“Oh, no, you’re not! You don’t care a rap about my work and my plans. I don’t exactly want you to. You haven’t anything to do with everyday life. You’re—you’re my love.”
“I’m afraid I’ll have to be awfully nice,” she said, “not to spoil all that.”
“No. It doesn’t matter what you do. You couldn’t change what I love so in you. It’s eternal.”
“Till death do us part!” she said, with a sombre little smile.
CHAPTER FIVE
THE HOUSEWARMING
§ i
AL didn’t say what he thought; it seemed to him a singularly infelicitous time for that. He was beginning to learn the rudiments of a lamentable sort of tact; he followed Andrée about the new flat and admired all that was pointed out to him; seven rooms and two baths, fronting on Riverside Drive, all furnished now and ready for their installation. Claudine had so urged them to have a home that she had won over Andrée, and according to his principle, he had yielded to Andrée. He said to himself, in his customary struggle to square facts with ideas, that it might be a woman’s instinct to have a home, and he was prepared to admit that women had almost all the instincts left to the race. He couldn’t quite classify the instinct that made her spend so much money on the furnishings; she wasn’t ostentatious, didn’t do it to “show off”—a thing he could have understood—she didn’t do it for him, nor was comfort her object. It was, he decided, her artistic desire for beauty.

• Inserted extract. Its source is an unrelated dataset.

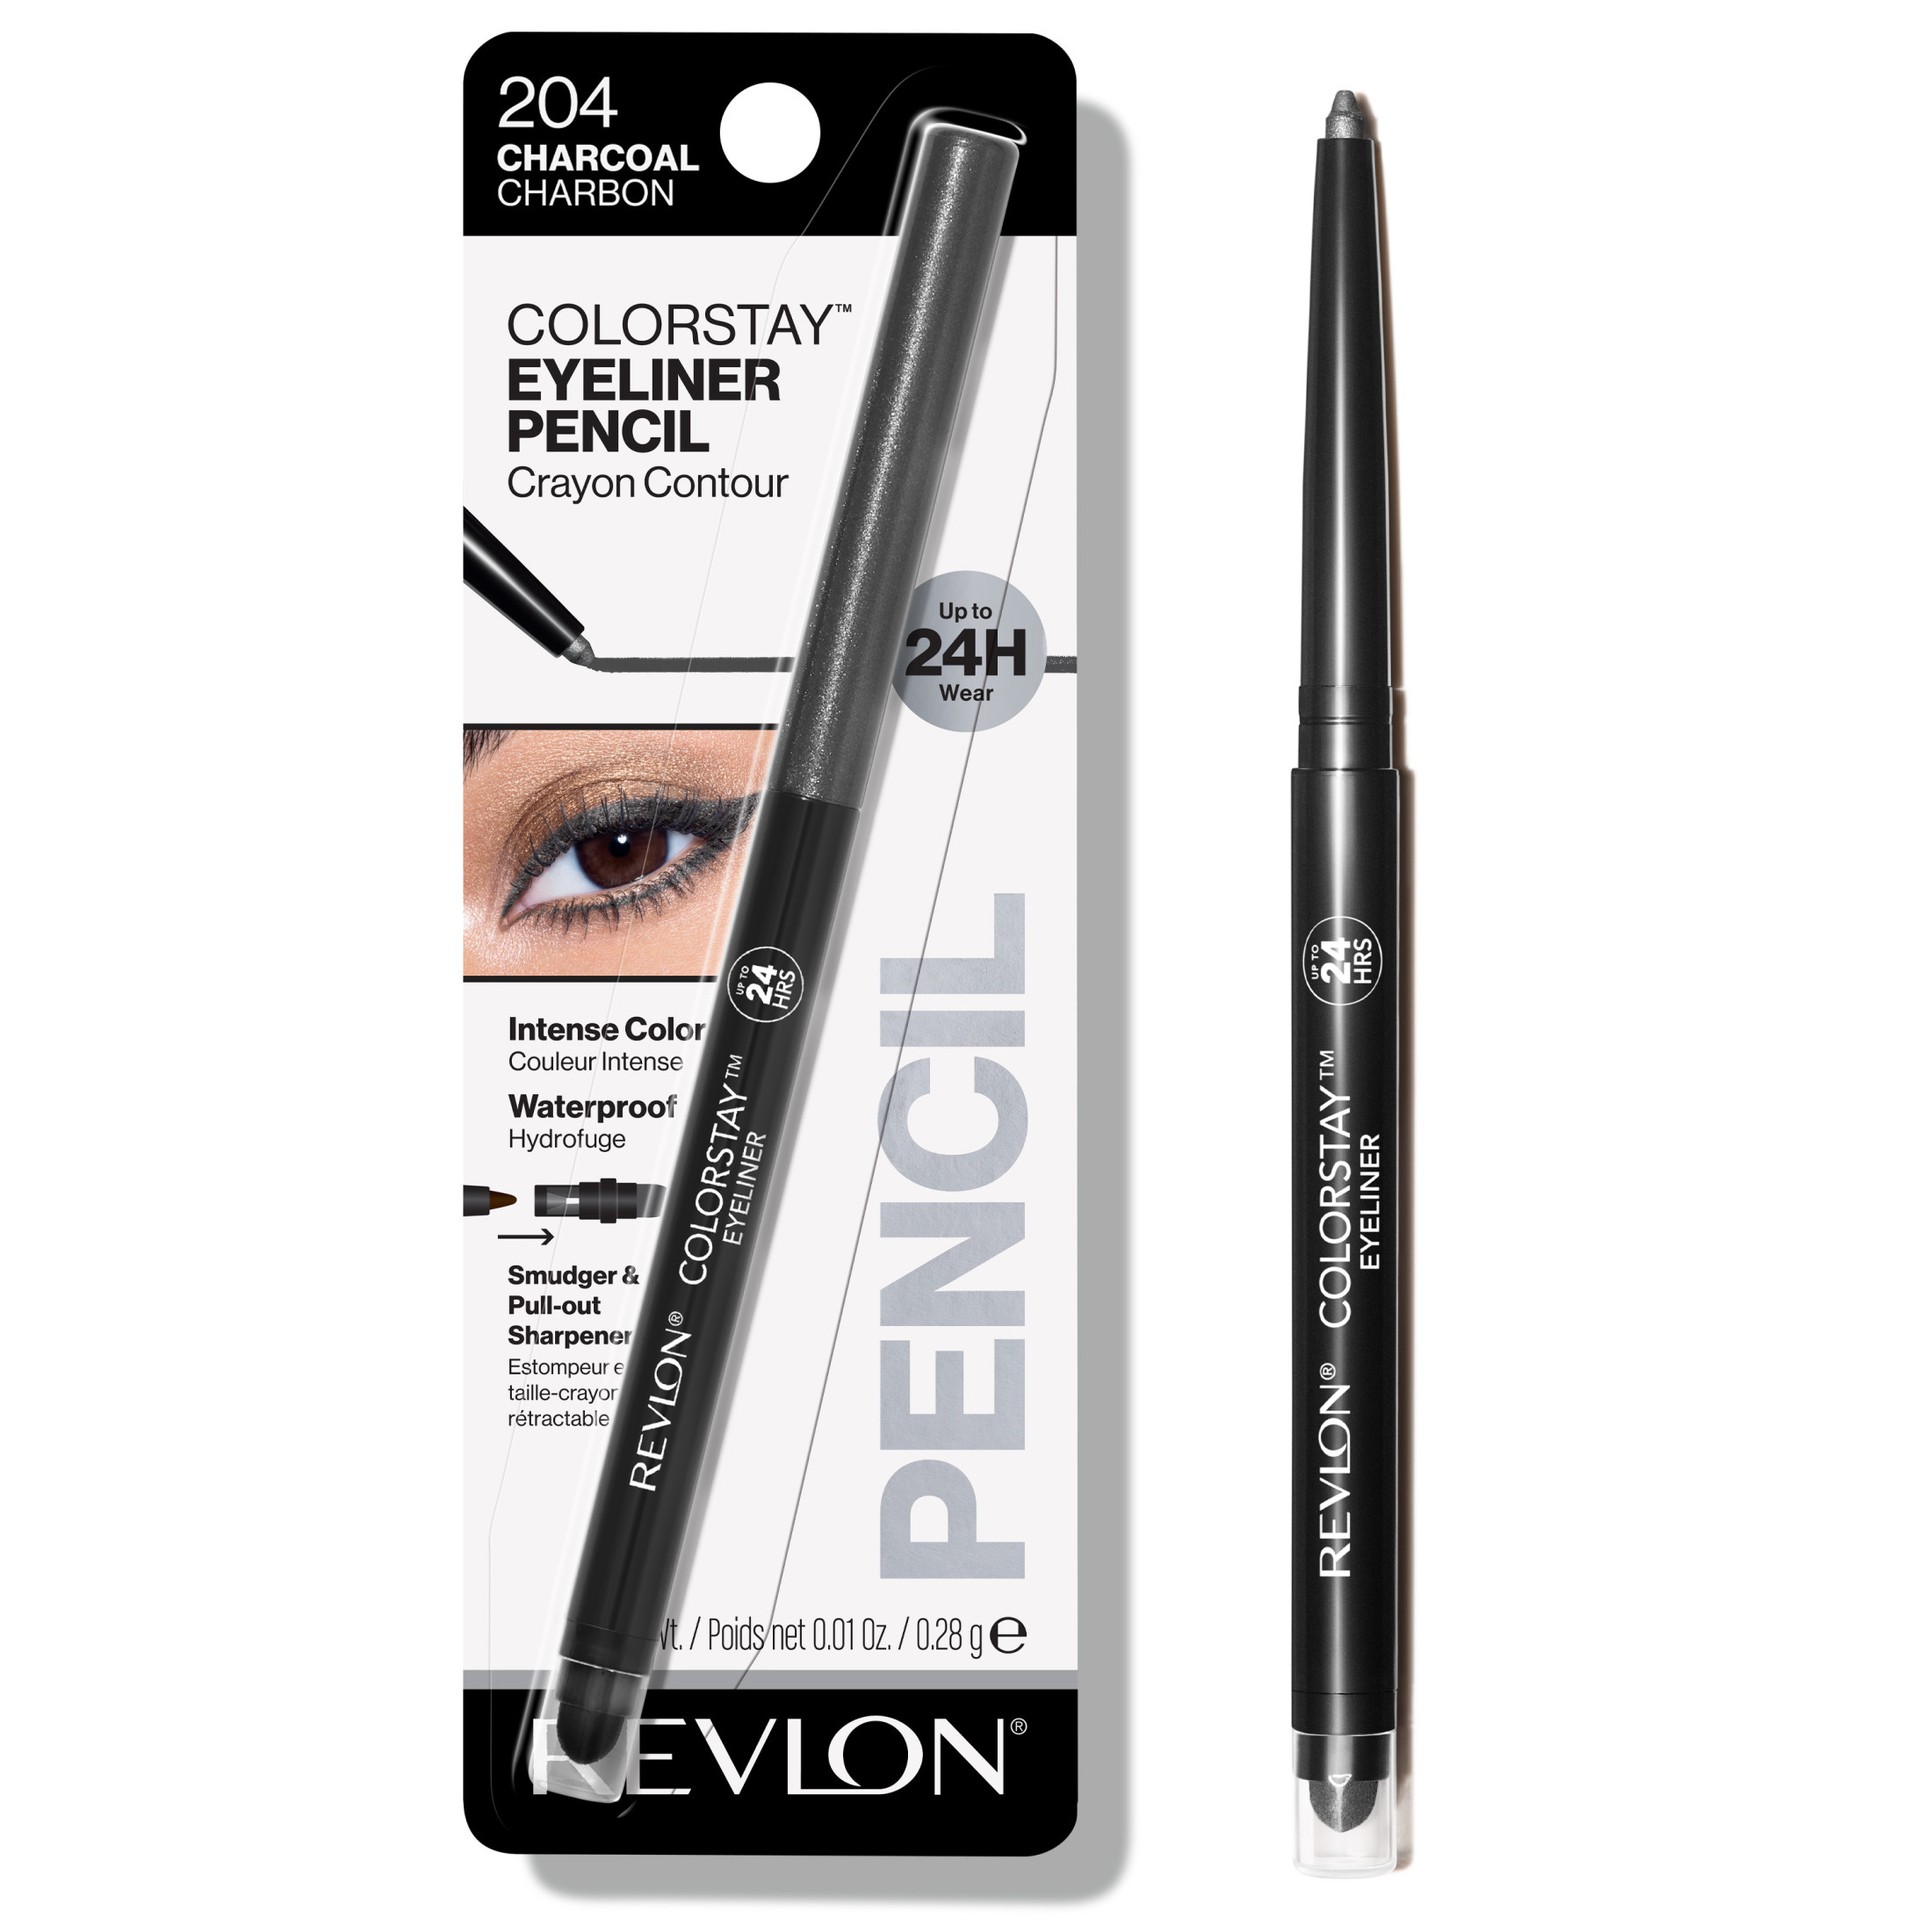 Revlon ColorStay Waterproof Eyeliner Pencil, 24HR Wear, Built-in Sharpener, 204 Charcoal, 0.01 oz - image 1 of 9

Personally, he was ashamed of it. Riverside Drive itself had long been for him a sort of symbol; many, many times he had come to sit there and feast his eyes upon the opulent women with their pet dogs. As a fat man in a white vest and a silk hat typified the Capitalist, so was a stout, well-dressed woman with a Pomeranian the outward and visible sign of all this inward corruption of private life. He saw many such from his windows; there had been one that day in the very lift with him.
On the question of servants he had been firm. And had been diddled.